• **Provided material**
—————
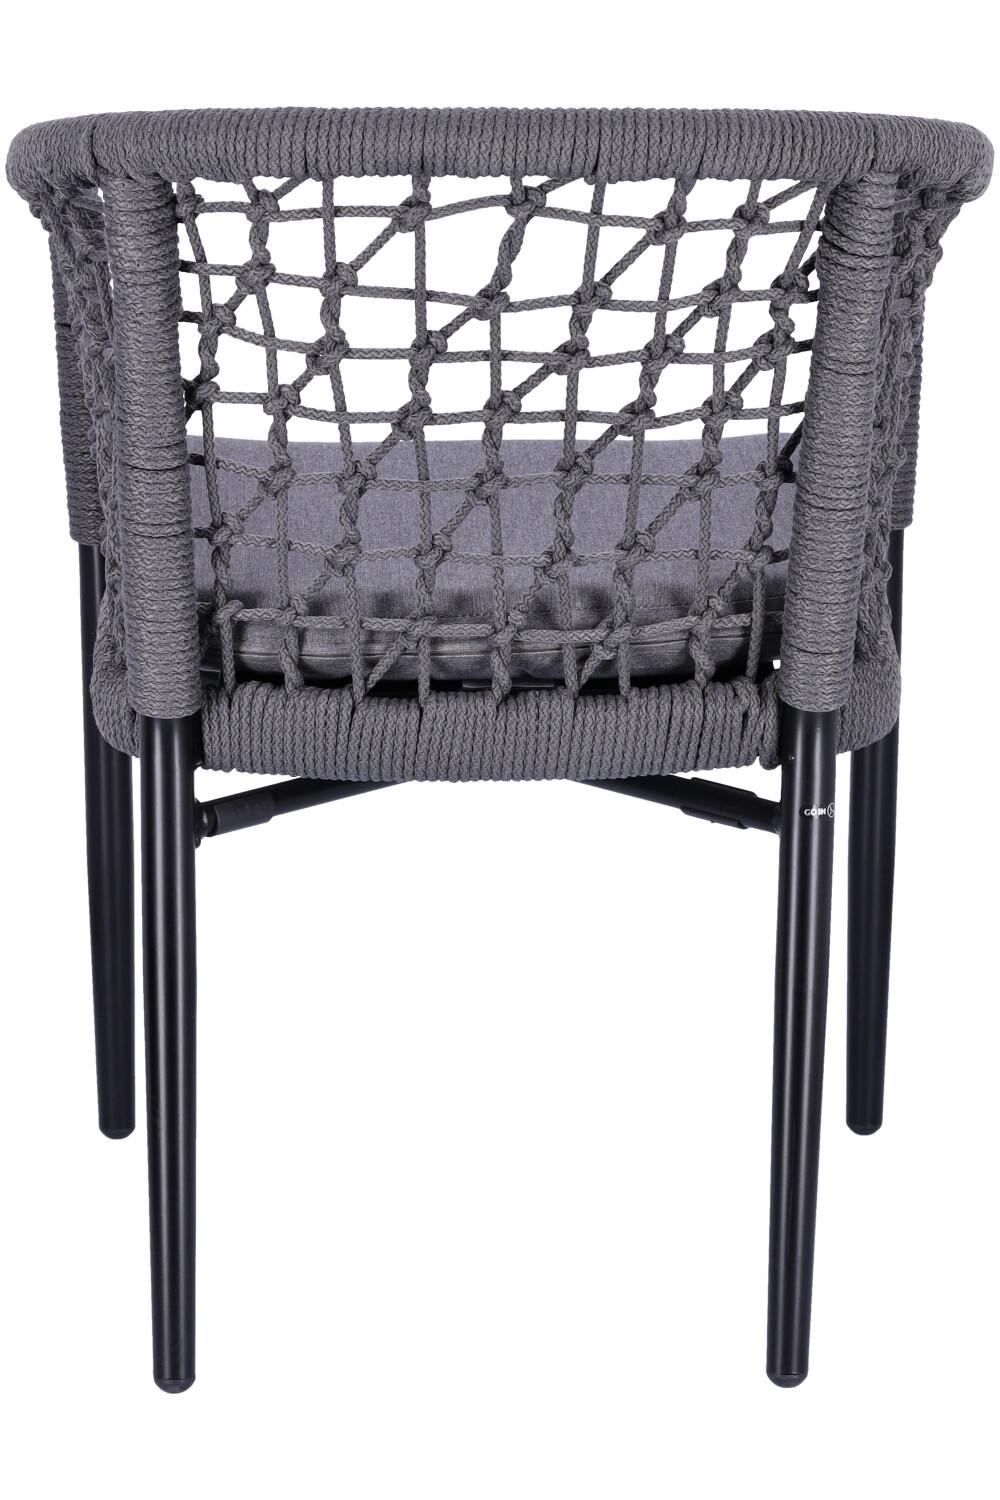 Abbildung arm chair Penka Rückansicht
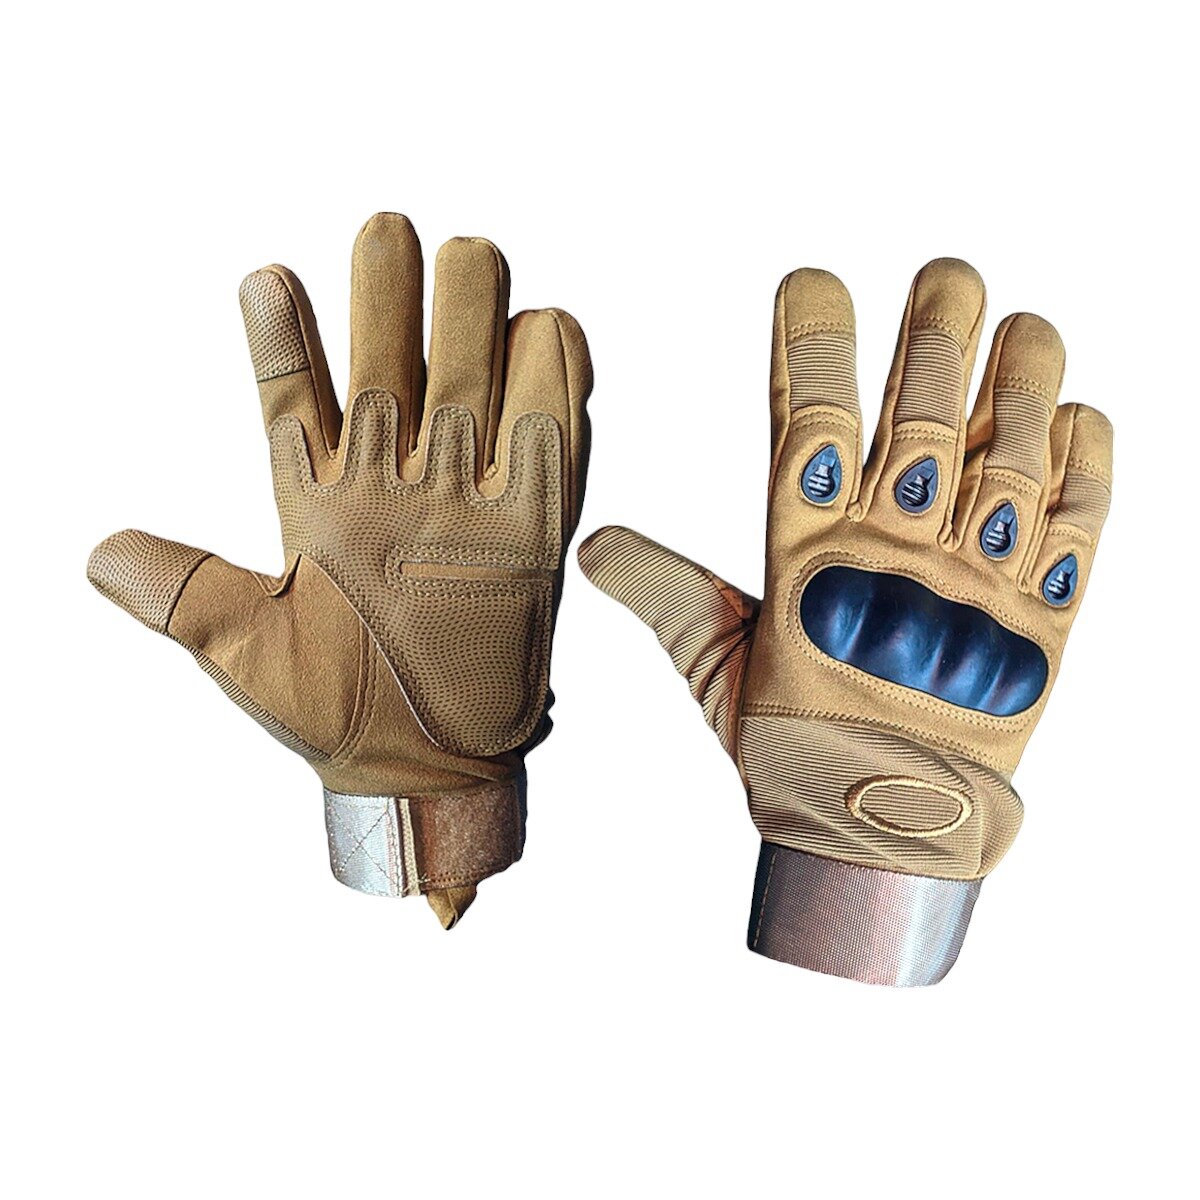 Мотоперчатки перчатки тактические утепленные для мотоциклиста на мотоцикл скутер мопед квадроцикл, песочные, XL
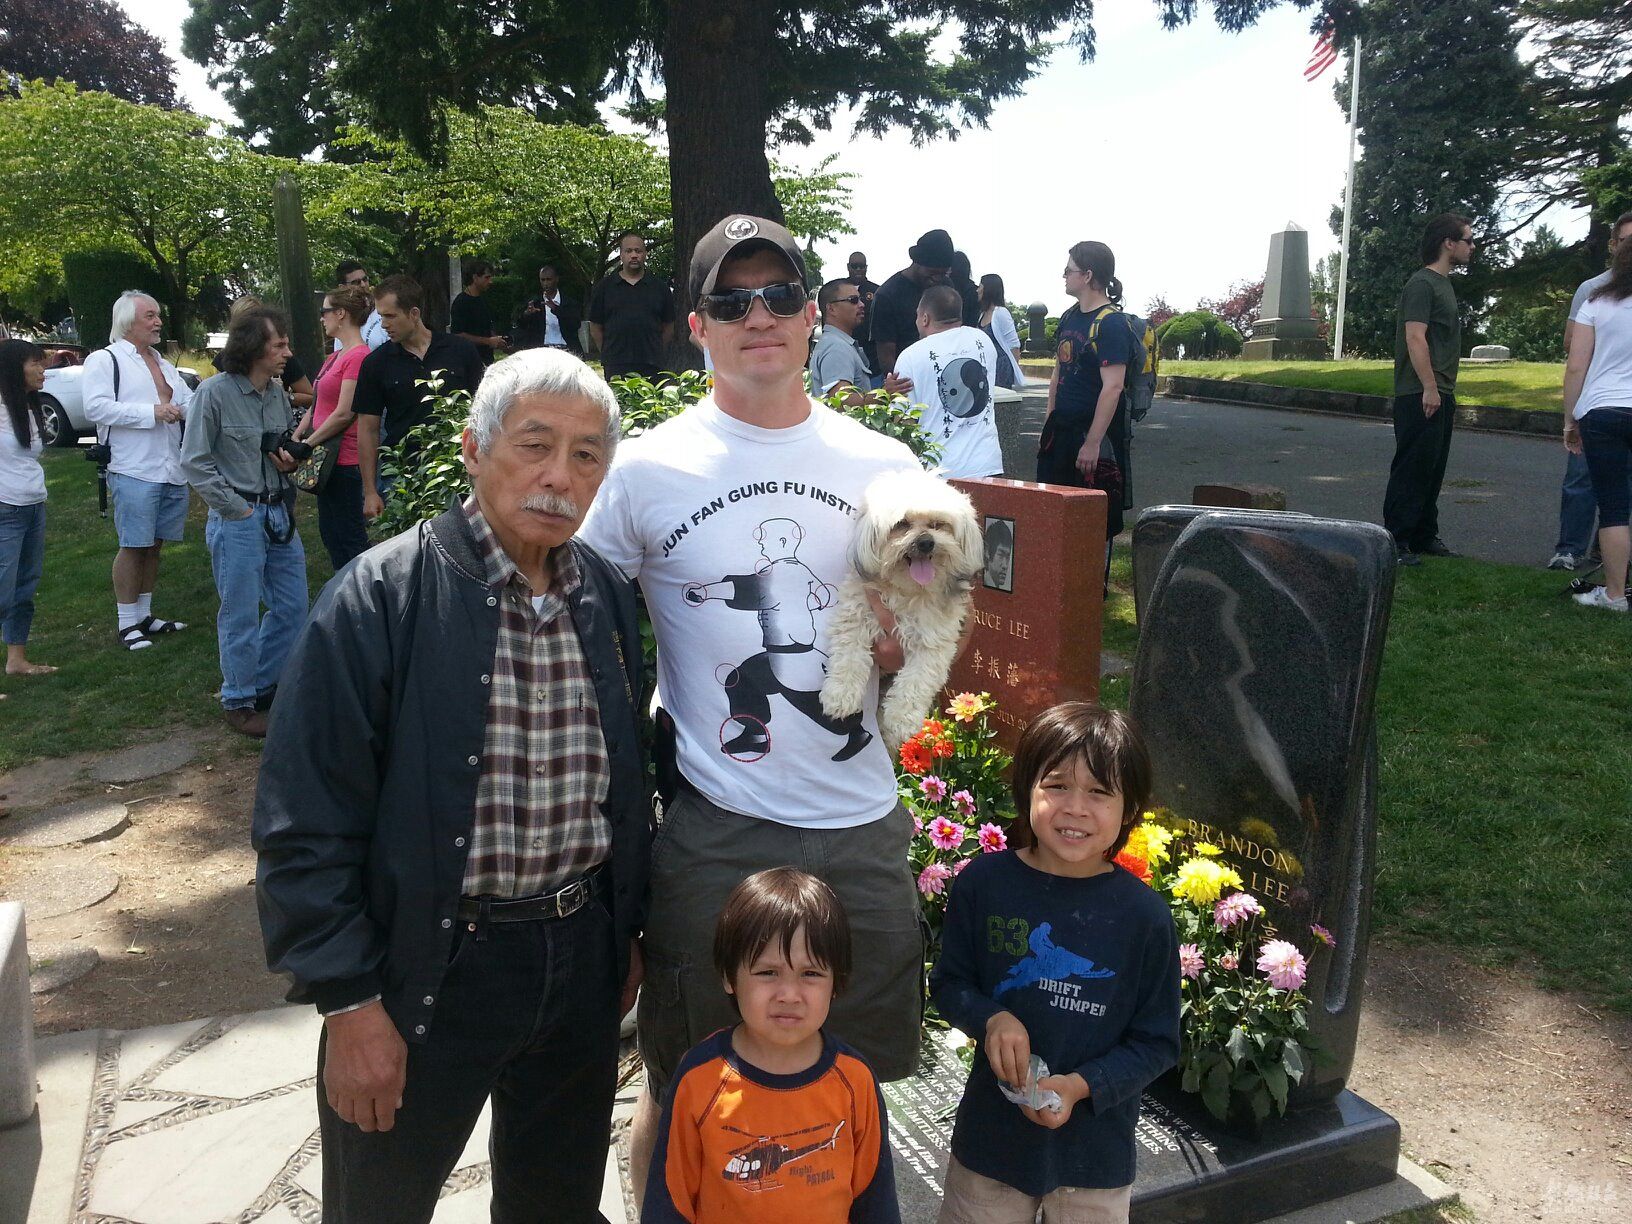 美国李小龙的墓地：儿子永远陪伴在他身边，墓碑前两句话令人深思
—————
• **Problem**
In transcribing the material above, reproduce each line exactly and include none of the pictures.

• **Task answer**
 Abbildung arm chair Penka Rückansicht
 Мотоперчатки перчатки тактические утепленные для мотоциклиста на мотоцикл скутер мопед квадроцикл, песочные, XL
 美国李小龙的墓地：儿子永远陪伴在他身边，墓碑前两句话令人深思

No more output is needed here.